Europe’s long-delayed Ariane 6 rocket will make its debut launch attempt on July 9, ESA Director General Josef Aschbacher announced Wednesday at the ILA Berlin Air Show.
Mind the gap: The heavy-lift rocket is a successor to the now-retired Ariane 5, which made its final flight in July after 30 years of service. Extensive delays in the Ariane 6 program left Europe without an independent launch capability after Arianespace also lost access to Russia’s medium-lift Soyuz after Russia’s invasion of Ukraine.
Arianespace’s lightest rocket, Vega C, also suffered setbacks after a launch failure in December 2022.
There was never supposed to be a gap in European launch capability. Ariane 6 was scheduled to enter service in 2020, years before Ariane 5’s retirement.

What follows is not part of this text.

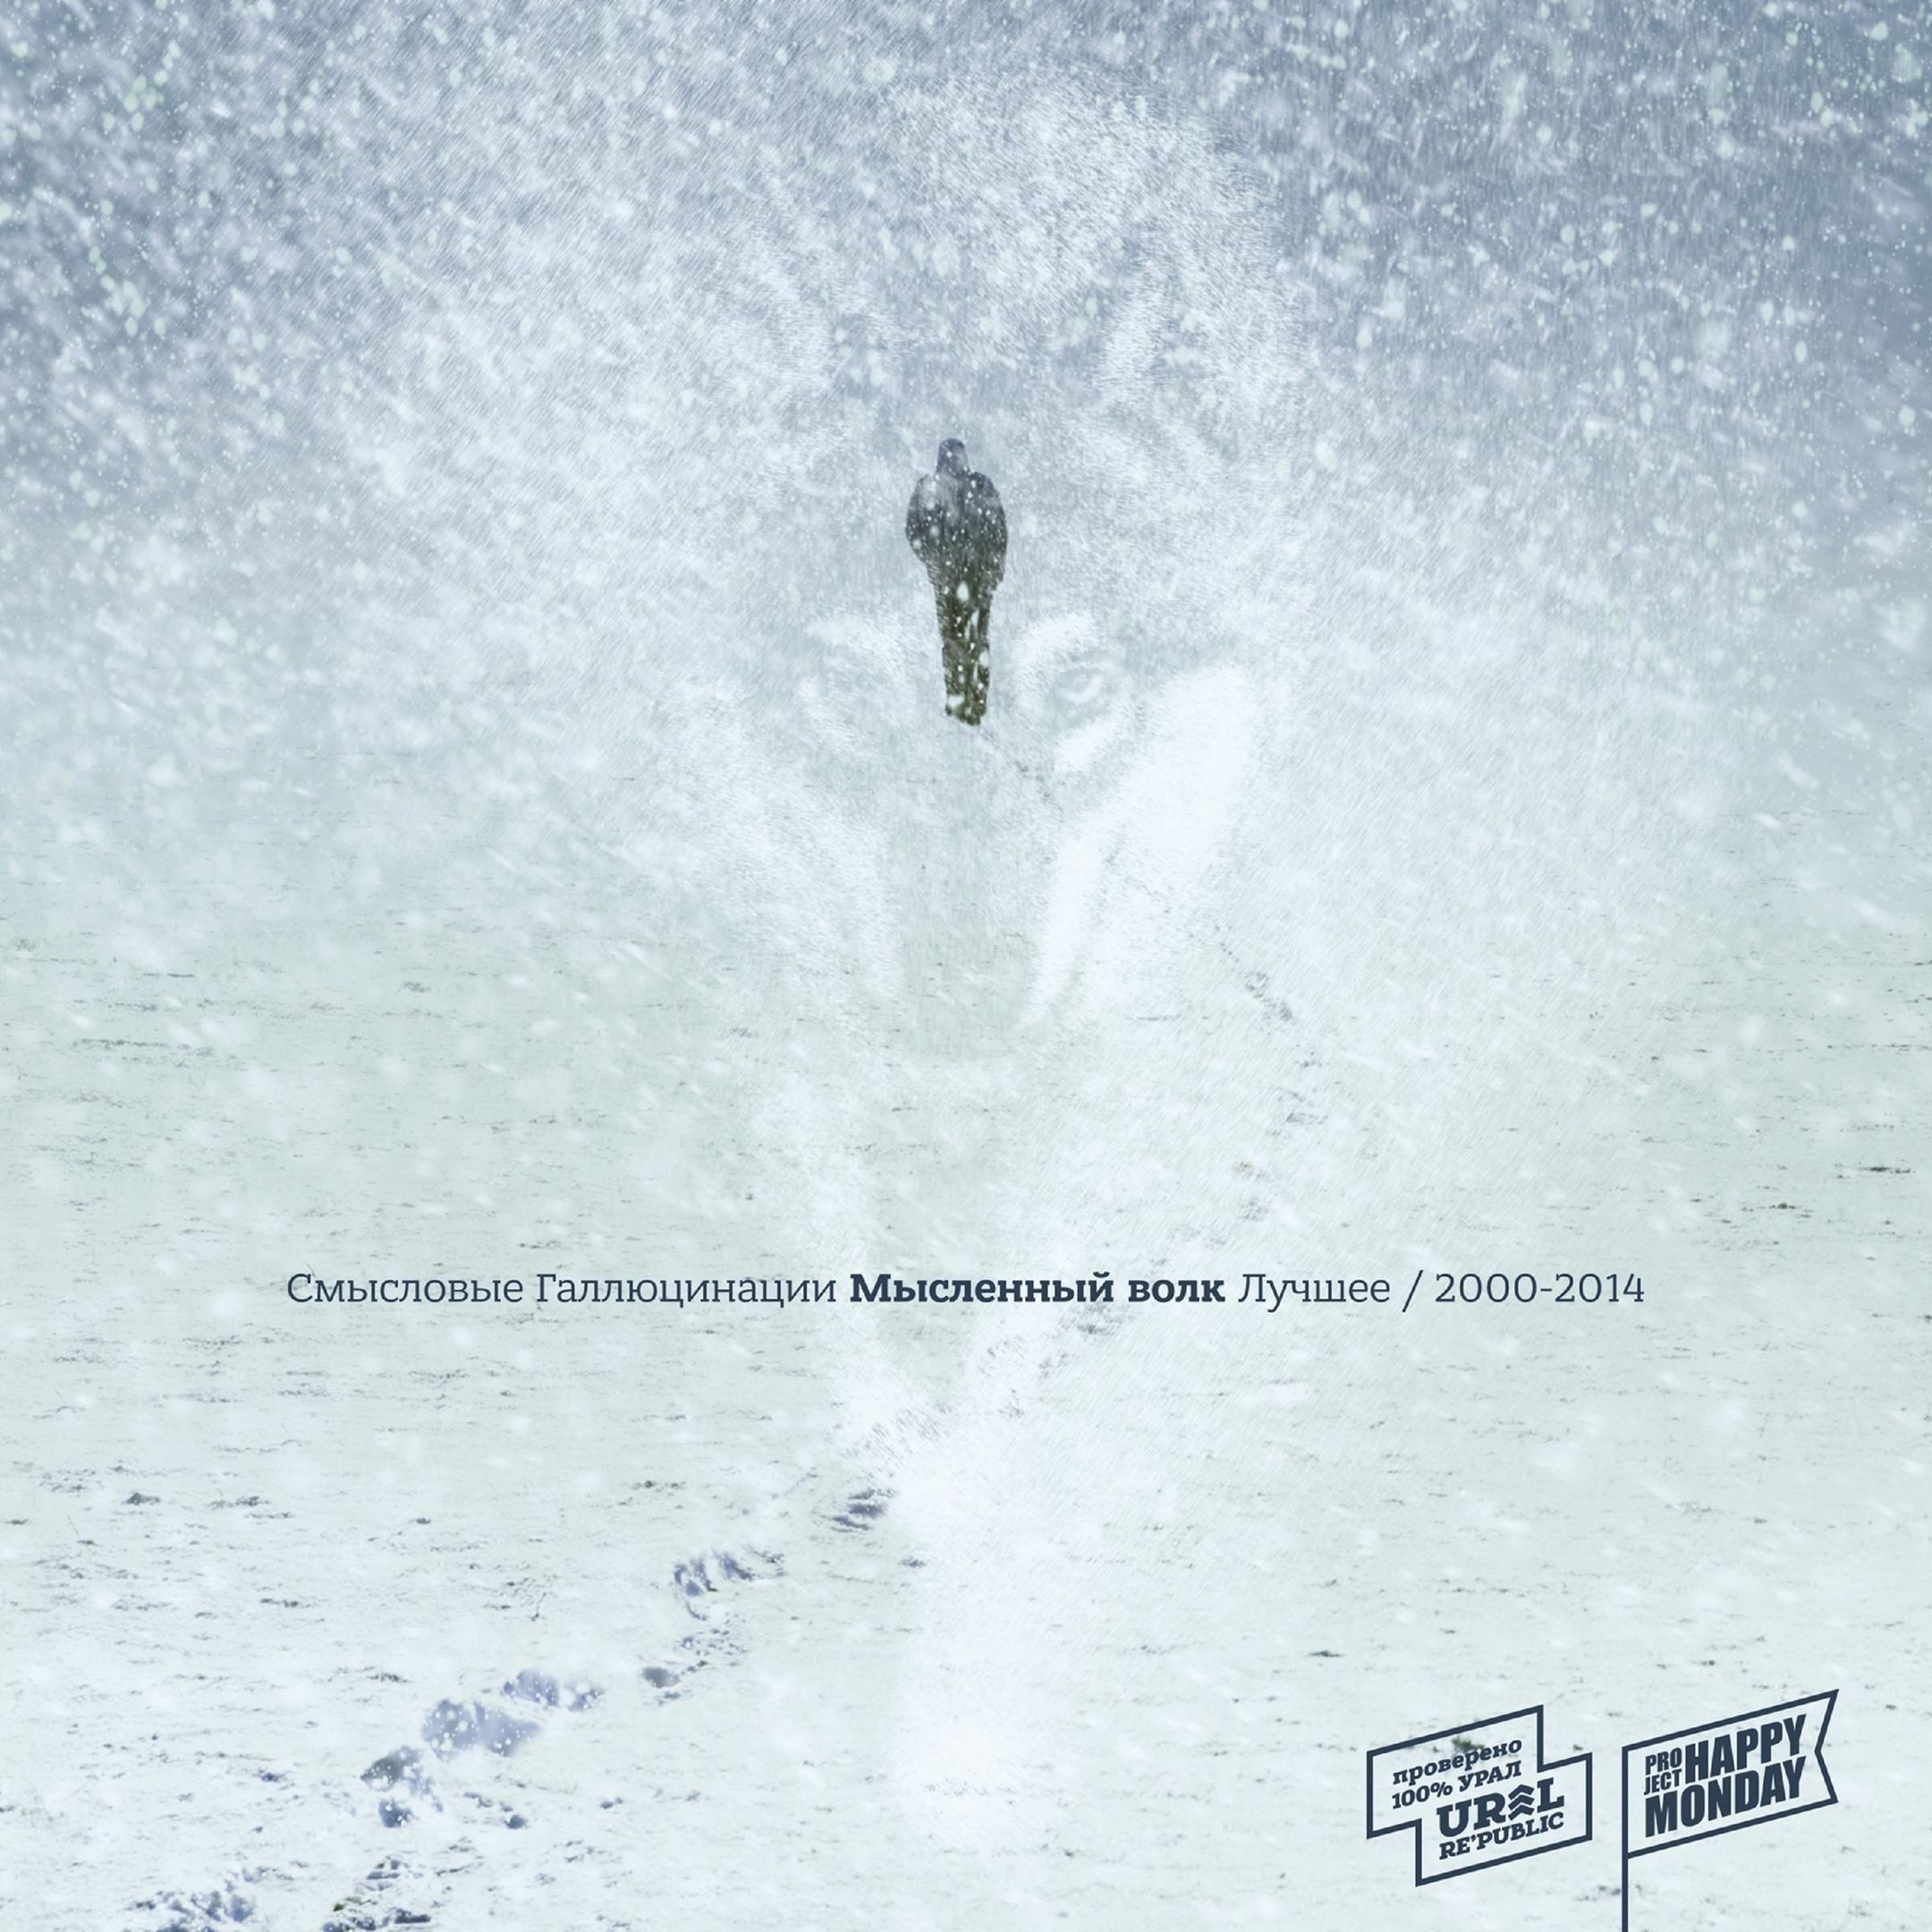 Смысловые галлюцинации album Мысленный волк. Лучшее (2000-2014)
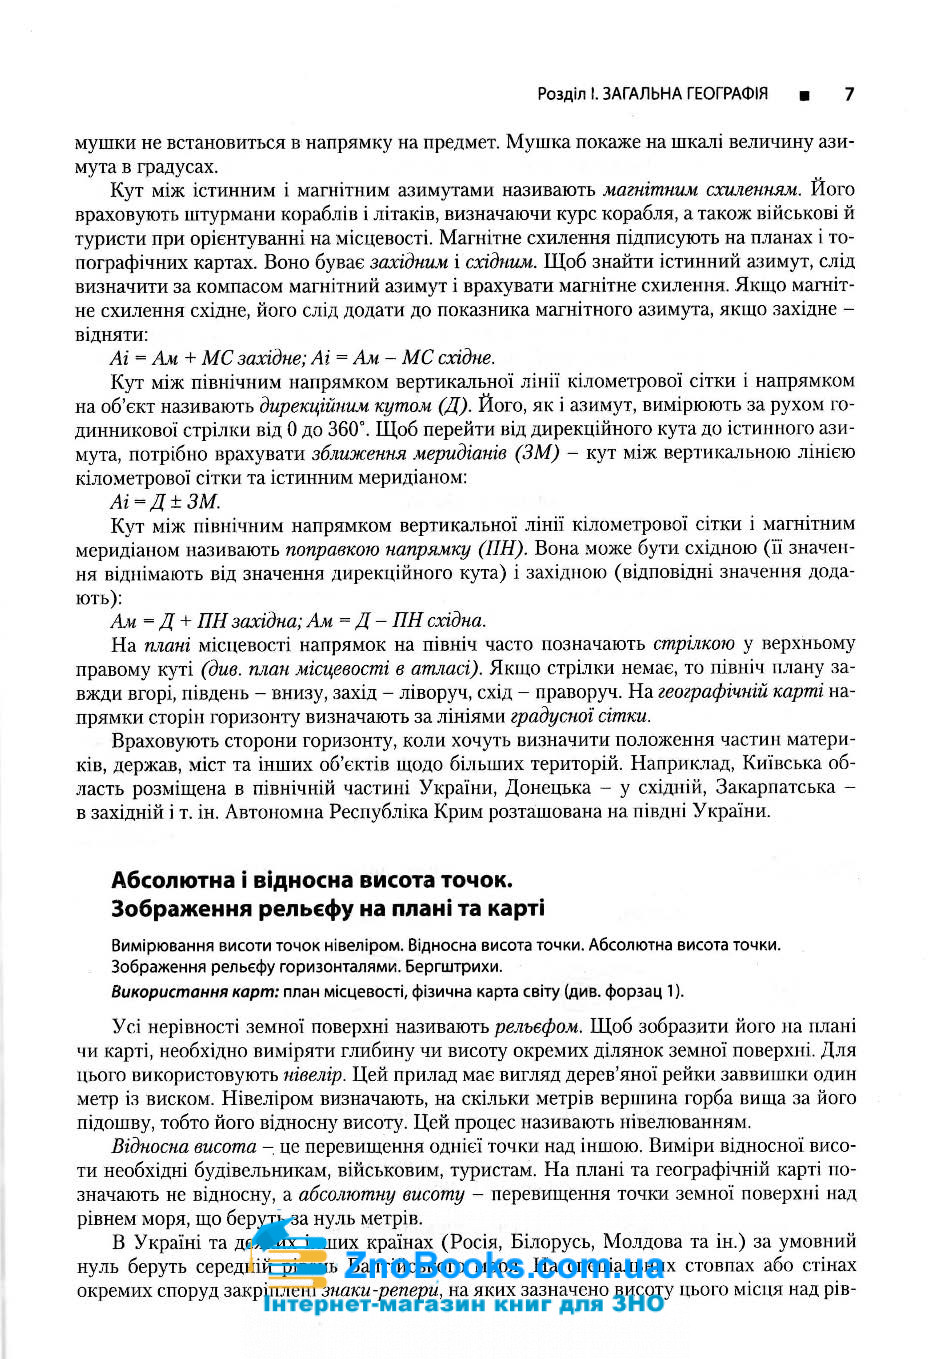 Географія. Довідник для абітурієнтів та школярів /НОВИЙ/ : Кобернік С., Коваленко Р.  Літера 7

Developing the rocket cost ESA about €4B ($4.4B), according to the BBC. In November, European Spaceflight reported that ESA member states agreed to subsidize Ariane 6’s operations to the tune of €340M ($369.7M) per year to make it competitive.
Nuts and bolts: Ariane 6 comes into two varieties:
- The basic Ariane 62 with two solid strap-on boosters, and
- The more powerful Ariane 64 with four boosters.
The rocket is single-use, but features a re-ignitable Vinci upper stage that can dispense payload into various orbits. Arianespace has already sold 18 launches to Amazon to launch its Kuiper constellation (which will also be subsidized by European taxpayers).
“With 30 missions in our order book, Ariane 6 has already gained the trust of institutional and commercial customers,” Arianespace CEO Stéphane Israël said in a statement. “We are preparing to make Ariane 6’s second launch by the end of the year, followed by a steady rise to around ten launches a year once we reach cruising speed.”
What’s next: The rocket still has to complete a wet dress rehearsal—a pre-launch test during which technicians will fuel it and run it through the pre-launch sequence, stopping just before the engine ignition.